▶ _Work request_:
A line below contains "Ưu điểm công nghệ trị nám Q-Swithched ND YAG", and a later one contains "RA, Folketelling 1891". Repeat both, with every line between them, exactly.

(Data entries)
BEGIN

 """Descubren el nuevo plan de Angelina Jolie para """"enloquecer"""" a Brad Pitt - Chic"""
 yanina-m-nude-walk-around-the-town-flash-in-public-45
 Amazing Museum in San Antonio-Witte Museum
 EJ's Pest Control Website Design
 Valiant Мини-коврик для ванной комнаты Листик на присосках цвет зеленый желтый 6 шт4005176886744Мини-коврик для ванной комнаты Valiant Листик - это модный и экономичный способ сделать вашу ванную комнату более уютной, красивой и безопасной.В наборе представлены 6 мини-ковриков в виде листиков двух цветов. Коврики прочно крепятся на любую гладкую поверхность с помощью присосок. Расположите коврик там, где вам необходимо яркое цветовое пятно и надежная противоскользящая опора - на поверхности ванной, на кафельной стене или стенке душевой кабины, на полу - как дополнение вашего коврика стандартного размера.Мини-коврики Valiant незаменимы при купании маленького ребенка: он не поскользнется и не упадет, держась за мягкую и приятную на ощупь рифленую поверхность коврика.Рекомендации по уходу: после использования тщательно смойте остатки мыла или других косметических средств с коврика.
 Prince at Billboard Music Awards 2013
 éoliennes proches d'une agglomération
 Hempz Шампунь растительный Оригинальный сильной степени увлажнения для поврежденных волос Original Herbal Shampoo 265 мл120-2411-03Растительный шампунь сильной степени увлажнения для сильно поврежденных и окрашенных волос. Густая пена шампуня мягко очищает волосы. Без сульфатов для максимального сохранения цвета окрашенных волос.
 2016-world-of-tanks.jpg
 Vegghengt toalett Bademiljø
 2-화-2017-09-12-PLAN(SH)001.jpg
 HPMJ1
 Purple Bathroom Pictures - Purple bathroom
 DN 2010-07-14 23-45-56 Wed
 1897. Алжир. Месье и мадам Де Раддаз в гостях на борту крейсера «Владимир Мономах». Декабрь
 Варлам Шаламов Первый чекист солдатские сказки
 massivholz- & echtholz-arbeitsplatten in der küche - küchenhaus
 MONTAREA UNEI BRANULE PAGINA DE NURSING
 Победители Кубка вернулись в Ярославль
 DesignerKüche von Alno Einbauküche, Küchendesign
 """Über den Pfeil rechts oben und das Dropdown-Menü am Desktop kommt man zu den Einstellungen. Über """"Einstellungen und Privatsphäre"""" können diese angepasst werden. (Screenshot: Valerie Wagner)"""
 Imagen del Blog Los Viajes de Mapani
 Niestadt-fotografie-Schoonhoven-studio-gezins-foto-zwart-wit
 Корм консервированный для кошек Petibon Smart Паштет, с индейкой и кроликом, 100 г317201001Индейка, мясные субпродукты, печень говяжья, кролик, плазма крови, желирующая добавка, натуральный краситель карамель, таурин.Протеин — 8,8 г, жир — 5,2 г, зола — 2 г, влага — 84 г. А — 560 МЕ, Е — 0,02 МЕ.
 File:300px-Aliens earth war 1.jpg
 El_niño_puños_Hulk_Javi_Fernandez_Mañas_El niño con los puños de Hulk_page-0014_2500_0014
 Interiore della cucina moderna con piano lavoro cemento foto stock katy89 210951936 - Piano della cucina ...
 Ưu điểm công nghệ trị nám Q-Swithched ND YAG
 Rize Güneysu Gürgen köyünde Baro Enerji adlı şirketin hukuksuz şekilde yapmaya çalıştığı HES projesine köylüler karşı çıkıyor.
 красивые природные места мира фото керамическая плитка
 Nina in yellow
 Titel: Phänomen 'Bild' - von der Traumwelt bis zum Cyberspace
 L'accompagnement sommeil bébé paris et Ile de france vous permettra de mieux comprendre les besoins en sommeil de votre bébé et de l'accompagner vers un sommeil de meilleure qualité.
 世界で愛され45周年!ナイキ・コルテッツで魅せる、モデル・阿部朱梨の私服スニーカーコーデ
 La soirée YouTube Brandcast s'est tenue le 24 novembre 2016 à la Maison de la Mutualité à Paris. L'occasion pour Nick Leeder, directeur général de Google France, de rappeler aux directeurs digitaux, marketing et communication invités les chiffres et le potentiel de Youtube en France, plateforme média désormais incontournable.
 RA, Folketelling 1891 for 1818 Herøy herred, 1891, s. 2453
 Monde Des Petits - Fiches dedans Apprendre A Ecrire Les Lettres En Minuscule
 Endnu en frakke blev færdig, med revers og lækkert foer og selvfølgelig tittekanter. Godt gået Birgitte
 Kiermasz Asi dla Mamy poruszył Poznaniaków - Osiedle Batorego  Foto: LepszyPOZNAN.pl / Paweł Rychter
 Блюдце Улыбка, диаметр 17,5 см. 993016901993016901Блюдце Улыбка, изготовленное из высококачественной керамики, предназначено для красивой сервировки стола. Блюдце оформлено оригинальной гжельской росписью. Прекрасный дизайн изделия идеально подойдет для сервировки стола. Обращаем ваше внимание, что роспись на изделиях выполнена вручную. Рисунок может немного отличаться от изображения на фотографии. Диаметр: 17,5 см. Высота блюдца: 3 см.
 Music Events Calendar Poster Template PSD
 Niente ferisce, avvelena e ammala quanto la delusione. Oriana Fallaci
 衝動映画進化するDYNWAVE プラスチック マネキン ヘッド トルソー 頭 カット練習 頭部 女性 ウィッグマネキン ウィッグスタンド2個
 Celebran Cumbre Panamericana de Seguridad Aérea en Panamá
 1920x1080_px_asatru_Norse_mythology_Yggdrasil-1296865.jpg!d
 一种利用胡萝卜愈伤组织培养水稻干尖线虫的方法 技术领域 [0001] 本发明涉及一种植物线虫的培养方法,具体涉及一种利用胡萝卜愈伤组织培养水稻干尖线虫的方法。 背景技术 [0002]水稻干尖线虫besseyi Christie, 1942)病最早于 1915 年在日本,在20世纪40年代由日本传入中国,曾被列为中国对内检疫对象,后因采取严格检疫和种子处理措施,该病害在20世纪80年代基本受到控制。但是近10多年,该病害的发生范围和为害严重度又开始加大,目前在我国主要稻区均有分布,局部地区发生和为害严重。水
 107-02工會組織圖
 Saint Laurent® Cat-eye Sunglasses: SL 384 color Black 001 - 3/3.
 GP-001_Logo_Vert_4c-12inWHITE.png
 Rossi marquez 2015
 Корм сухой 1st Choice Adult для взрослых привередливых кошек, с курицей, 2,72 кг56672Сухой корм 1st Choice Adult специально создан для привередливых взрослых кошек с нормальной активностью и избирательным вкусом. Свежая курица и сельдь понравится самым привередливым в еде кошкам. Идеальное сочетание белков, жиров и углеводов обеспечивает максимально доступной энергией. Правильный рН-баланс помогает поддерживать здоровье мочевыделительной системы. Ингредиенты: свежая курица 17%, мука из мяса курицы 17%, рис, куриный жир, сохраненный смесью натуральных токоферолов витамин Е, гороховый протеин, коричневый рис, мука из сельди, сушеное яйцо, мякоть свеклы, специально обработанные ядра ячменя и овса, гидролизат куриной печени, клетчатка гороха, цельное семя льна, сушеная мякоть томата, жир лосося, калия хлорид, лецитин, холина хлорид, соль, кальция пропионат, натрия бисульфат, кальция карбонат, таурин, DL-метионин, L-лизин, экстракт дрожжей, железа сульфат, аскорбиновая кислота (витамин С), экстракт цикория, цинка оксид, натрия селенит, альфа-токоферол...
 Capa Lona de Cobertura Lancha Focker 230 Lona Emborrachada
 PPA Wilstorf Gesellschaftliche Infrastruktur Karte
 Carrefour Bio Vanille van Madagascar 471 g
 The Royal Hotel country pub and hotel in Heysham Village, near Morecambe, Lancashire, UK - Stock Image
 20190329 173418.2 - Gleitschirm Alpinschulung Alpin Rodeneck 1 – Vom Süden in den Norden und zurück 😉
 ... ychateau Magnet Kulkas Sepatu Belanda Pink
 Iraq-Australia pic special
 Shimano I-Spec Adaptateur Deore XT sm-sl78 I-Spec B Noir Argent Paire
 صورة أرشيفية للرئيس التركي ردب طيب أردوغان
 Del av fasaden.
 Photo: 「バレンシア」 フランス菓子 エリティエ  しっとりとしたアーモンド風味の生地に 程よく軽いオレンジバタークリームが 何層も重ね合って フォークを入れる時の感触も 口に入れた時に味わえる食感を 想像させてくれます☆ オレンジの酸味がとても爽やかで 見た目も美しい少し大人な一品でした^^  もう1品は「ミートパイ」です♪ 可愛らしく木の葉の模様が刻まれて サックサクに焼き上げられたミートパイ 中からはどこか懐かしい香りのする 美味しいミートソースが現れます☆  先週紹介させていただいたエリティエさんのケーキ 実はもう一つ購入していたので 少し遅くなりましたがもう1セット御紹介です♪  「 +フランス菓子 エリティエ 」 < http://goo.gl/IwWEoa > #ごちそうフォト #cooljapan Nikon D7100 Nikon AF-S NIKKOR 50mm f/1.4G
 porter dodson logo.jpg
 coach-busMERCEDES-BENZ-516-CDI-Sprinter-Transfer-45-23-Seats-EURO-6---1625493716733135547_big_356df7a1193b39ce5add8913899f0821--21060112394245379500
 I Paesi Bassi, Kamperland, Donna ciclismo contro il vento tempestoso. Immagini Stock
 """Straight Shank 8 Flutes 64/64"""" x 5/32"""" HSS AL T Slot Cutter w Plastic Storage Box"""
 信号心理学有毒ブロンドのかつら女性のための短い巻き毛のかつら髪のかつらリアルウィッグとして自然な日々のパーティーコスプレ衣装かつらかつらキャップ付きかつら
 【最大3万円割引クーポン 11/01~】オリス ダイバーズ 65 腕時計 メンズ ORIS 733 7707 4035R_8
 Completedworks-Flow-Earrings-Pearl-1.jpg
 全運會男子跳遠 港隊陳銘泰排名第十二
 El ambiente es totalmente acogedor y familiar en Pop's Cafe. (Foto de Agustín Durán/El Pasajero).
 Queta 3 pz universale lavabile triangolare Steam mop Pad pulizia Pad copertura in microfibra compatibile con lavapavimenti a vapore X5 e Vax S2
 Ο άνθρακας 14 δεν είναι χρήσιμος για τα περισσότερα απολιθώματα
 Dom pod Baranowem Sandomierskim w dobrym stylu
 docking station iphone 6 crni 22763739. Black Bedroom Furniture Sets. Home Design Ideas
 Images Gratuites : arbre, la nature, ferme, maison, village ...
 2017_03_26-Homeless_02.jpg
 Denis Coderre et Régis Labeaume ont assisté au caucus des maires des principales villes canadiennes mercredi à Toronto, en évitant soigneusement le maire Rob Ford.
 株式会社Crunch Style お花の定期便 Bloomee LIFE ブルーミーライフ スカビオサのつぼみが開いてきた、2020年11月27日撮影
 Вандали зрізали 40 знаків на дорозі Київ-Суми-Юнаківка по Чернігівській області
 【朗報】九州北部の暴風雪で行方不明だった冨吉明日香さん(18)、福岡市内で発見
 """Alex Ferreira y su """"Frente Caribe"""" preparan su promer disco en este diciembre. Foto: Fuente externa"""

END

▶ _Final answer_:
 Ưu điểm công nghệ trị nám Q-Swithched ND YAG
 Rize Güneysu Gürgen köyünde Baro Enerji adlı şirketin hukuksuz şekilde yapmaya çalıştığı HES projesine köylüler karşı çıkıyor.
 красивые природные места мира фото керамическая плитка
 Nina in yellow
 Titel: Phänomen 'Bild' - von der Traumwelt bis zum Cyberspace
 L'accompagnement sommeil bébé paris et Ile de france vous permettra de mieux comprendre les besoins en sommeil de votre bébé et de l'accompagner vers un sommeil de meilleure qualité.
 世界で愛され45周年!ナイキ・コルテッツで魅せる、モデル・阿部朱梨の私服スニーカーコーデ
 La soirée YouTube Brandcast s'est tenue le 24 novembre 2016 à la Maison de la Mutualité à Paris. L'occasion pour Nick Leeder, directeur général de Google France, de rappeler aux directeurs digitaux, marketing et communication invités les chiffres et le potentiel de Youtube en France, plateforme média désormais incontournable.
 RA, Folketelling 1891 for 1818 Herøy herred, 1891, s. 2453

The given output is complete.